Frontier in Space is the third story of season ten of Doctor Who, and the sixth of the Pertwee Six-Parters. It was first broadcast in 1973 and stars Jon Pertwee as the Doctor, Katy Manning as Jo Grant, and is, sadly, the final story in which Roger Delgado appears as the Master.
The name "Frontier in Space" is obviously a reference to Captain Kirk's famous line
"Space: the final frontier."
That would mean that a frontier in space is a frontier in a frontier.
It starts with a spaceship flying in space, which nearly hits the TARDIS. The mannys in charge don't know it is the TARDIS, but we viewers at home see and hear it just enough to recognise it. It helps that in the next scene it materialises on the spaceship, where Jo says
"Only you could manage to have a traffic accident in space."

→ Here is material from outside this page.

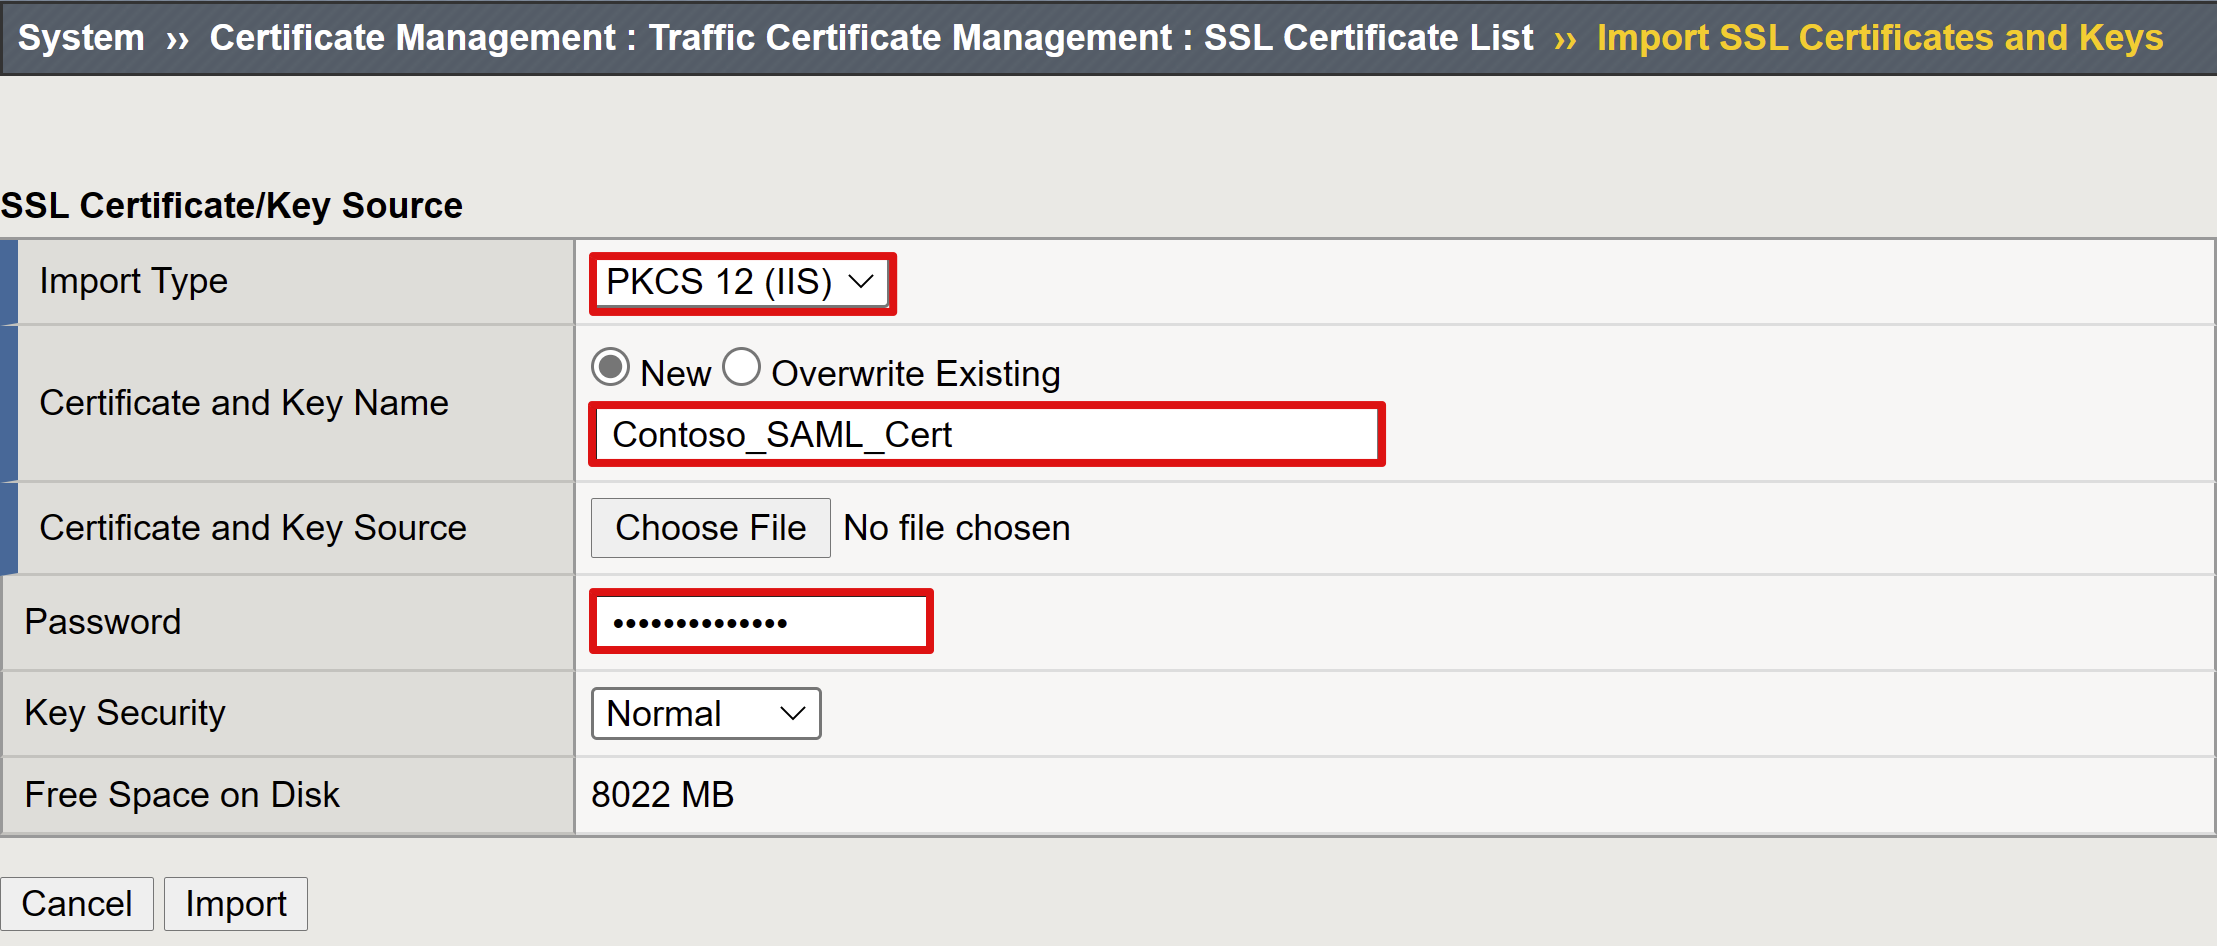 Screenshot of options and selections for SSL Certificate and Key Source.
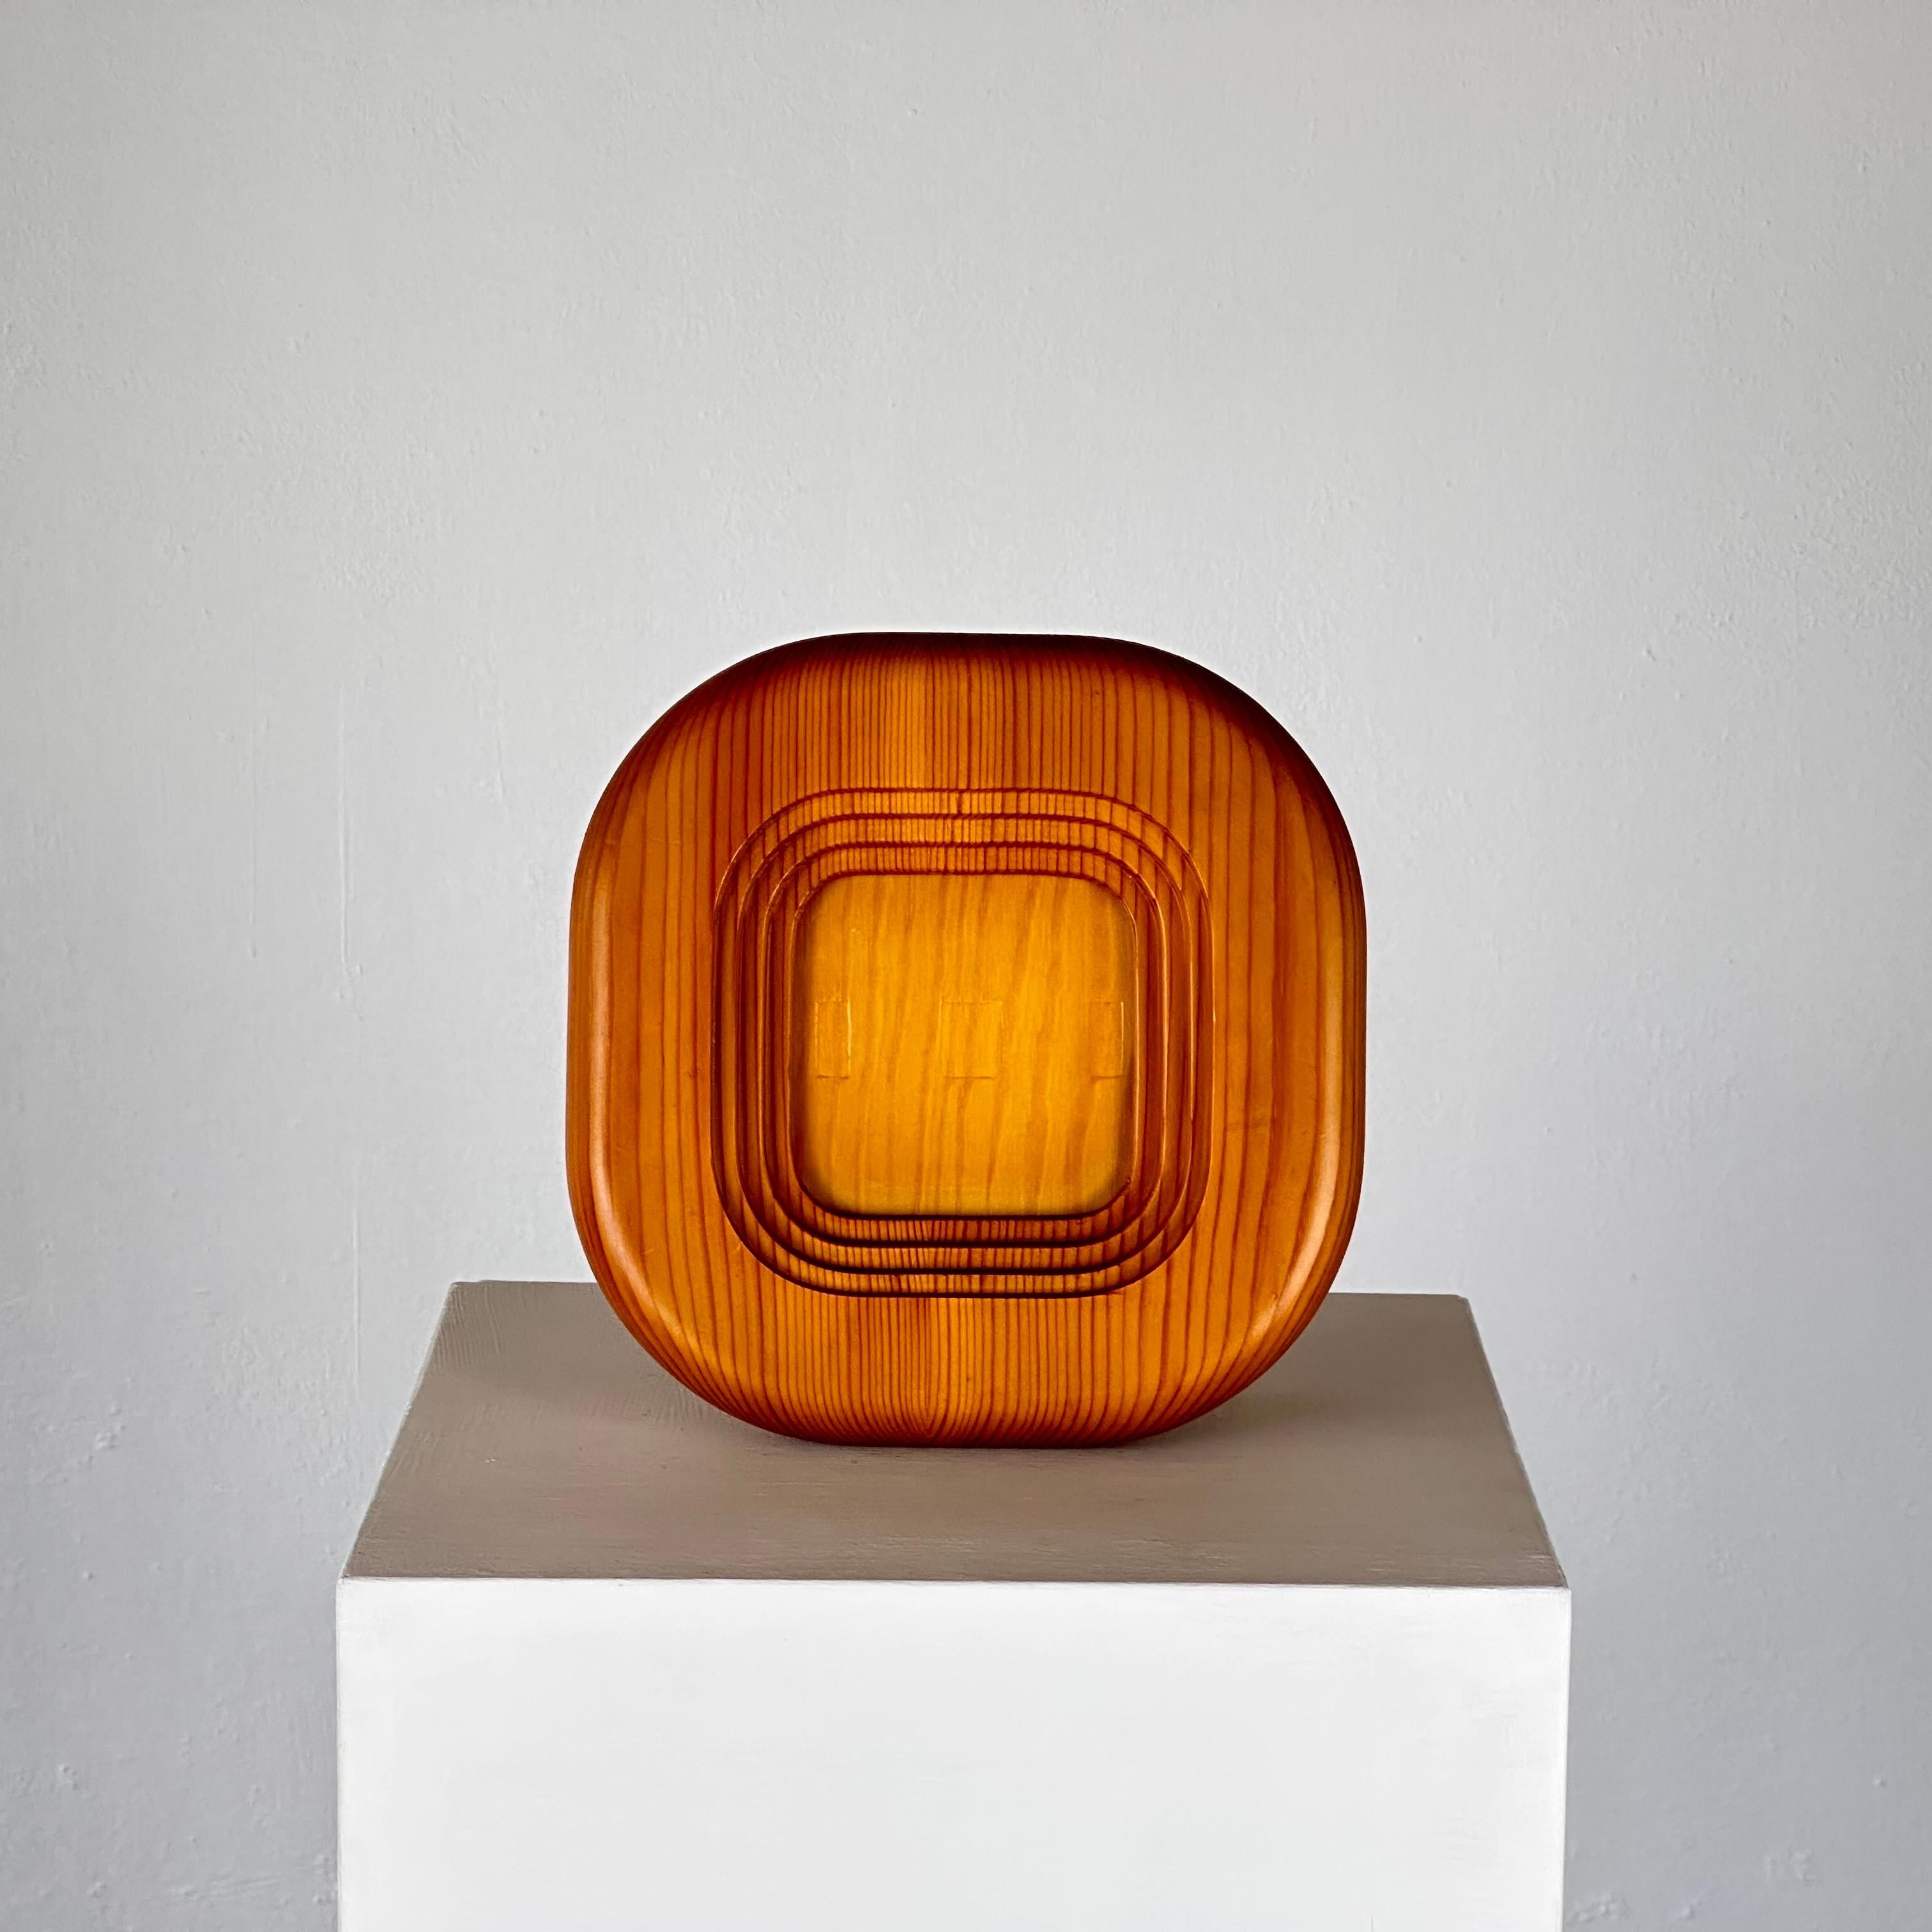 Presenting a timeless piece of mid-century design, this vintage Pine Wood Photo Frame by renowned Finnish architect and designer Alvar Aalto for Artek captures the essence of Scandinavian craftsmanship from the 1970s. Aalto, celebrated for his

Lol. The plot gets going quickly when Jo sees another spaceship out the window, and then hears a noise that makes it go all blurry for a moment.
The mannys on the bridge also hear the noise, and it has the effect of making them see a different spaceship model... er, or should that be a different model of spaceship? Not much better put like that, is it? They think it is "Draconians" which made my friend Dragon start paying attention to this story. He was even more interested when the Doctor goes to meet with the ship's crew, but the manny he meets hallucinates that the Doctor is an alien (well, a different kind of alien) and shouts out "Dragons!"
Jo sees the same manny as the Doctor, but she hallucinates that it is a Drashig, which is either a continuity callback to the previous story or else it was simply the easiest monster for the production team to lay their paws on.
The two spaceships link up and the crew send a message to Earth asking for help, which links up this scene with a scene set on Earth.
There the Earth President and a Draconian Prince are accusing each other's spaceships of attacking their spaceships, while at the same time denying the other's accusation. The Draconian says
"The treaty between our two empires established a frontier in space."
Clang!
"We have never violated that frontier. You have invaded our part of the galaxy many times."
Also present is General Williams, who is quickly established as being more aggressively hostile towards the Draconians than the President, despite her obvious resemblance to Servalan - the future Earth and setting of this story seems like it could be a forerunner of the Federation of Blakes 7.
The Doctor and Jo are prisoners on the spaceship and are locked in the ship's hold. Neither Jo nor the Doctor understand what is going on, but he sits down and tries to calmly figure it out, quickly deducing that the mannys have mistaiken them for Draconians (although this should not have been a mystery to him seeing as he was present when a Draconian appeared on the crew's monitor to demand their surrender), who he has met before.
Jo: "Yes, but why do they mistake us for these Dragons?"Doctor: "No, Draconians. 'Dragons' is rather an unflattering nickname."
Dragon is insulted by this, and says unless these Draconians can fly and breathe fire, they ought to consider themselves honoured to be mistaiken for dragons.
After a moment's consideration he added without using spaceships or rayguns.
The Doctor has also deduced that the noise they heard caused the hallucinations.
Another scene set on Earth sees the President and General Williams watching a newsreader doing some world-building. If Russell "The" Davies had been in charge back in the '70s this would probably have been a robot Angela Rippon or Richard Baker.
The crew prepare to defend themselves as their enemy does a classic slow-cutting to get into their spaceship. We see that they are not Draconians but rather Ogrons, returning from Dave the Daleks (not counting their cameo appearance in Carnival of Monsters). This explains why the supposed Draconians spoke so slowly when issuing their ultimatum to the mannys - a clever clue dropped in before their reveal.
The Doctor has just about finished using the sonic screwdriver to effect and escape when one of the crew comes to fetch them to use as hostages. The Ogrons break in and start shooting the mannys with their pewpewpew guns, and they also pew the Doctor. Luckily for him they are not using the same pewpewpew guns as they did in Dave the Daleks, so he only falls over instead of being disappeared.
When the Doctor wakes up, Jo tells him that the Ogrons stole the ship's cargo and the TARDIS. Both the Doctor and Jo think the Ogrons must have been W-wording for somebody else, because they are too stupid to have come up with the plan themselves, lol.
The Earth rescue ship arrives and sends a message to the ship.
"Earth battle cruiser to Earth cargo ship number C982. We are now approaching you. Do you read me?"
I know that voice, it's...
It's Willie Caine from The Sandbaggers to the rescue! He boards the ship with his mannys and asks what happened. The crew are too embarrassed to admit that they were fooled by Ogrons, so they lie about the Doctor and Jo being to blame. One of them shouts
"They were helping the Dragons! They're traitors!"
So Willie and his mannys point their guns at the Doctor and Jo. It's not great, but it will have to do as our cliffhanger.
Frontier in Space has a reputation of the Doctor and his Companion spending a lot of their time getting captured and escaping, even more so than other Doctor Who stories, in order to fill up the six episodes. So let's keep a running total of how many times they get imprisoned over the course of it.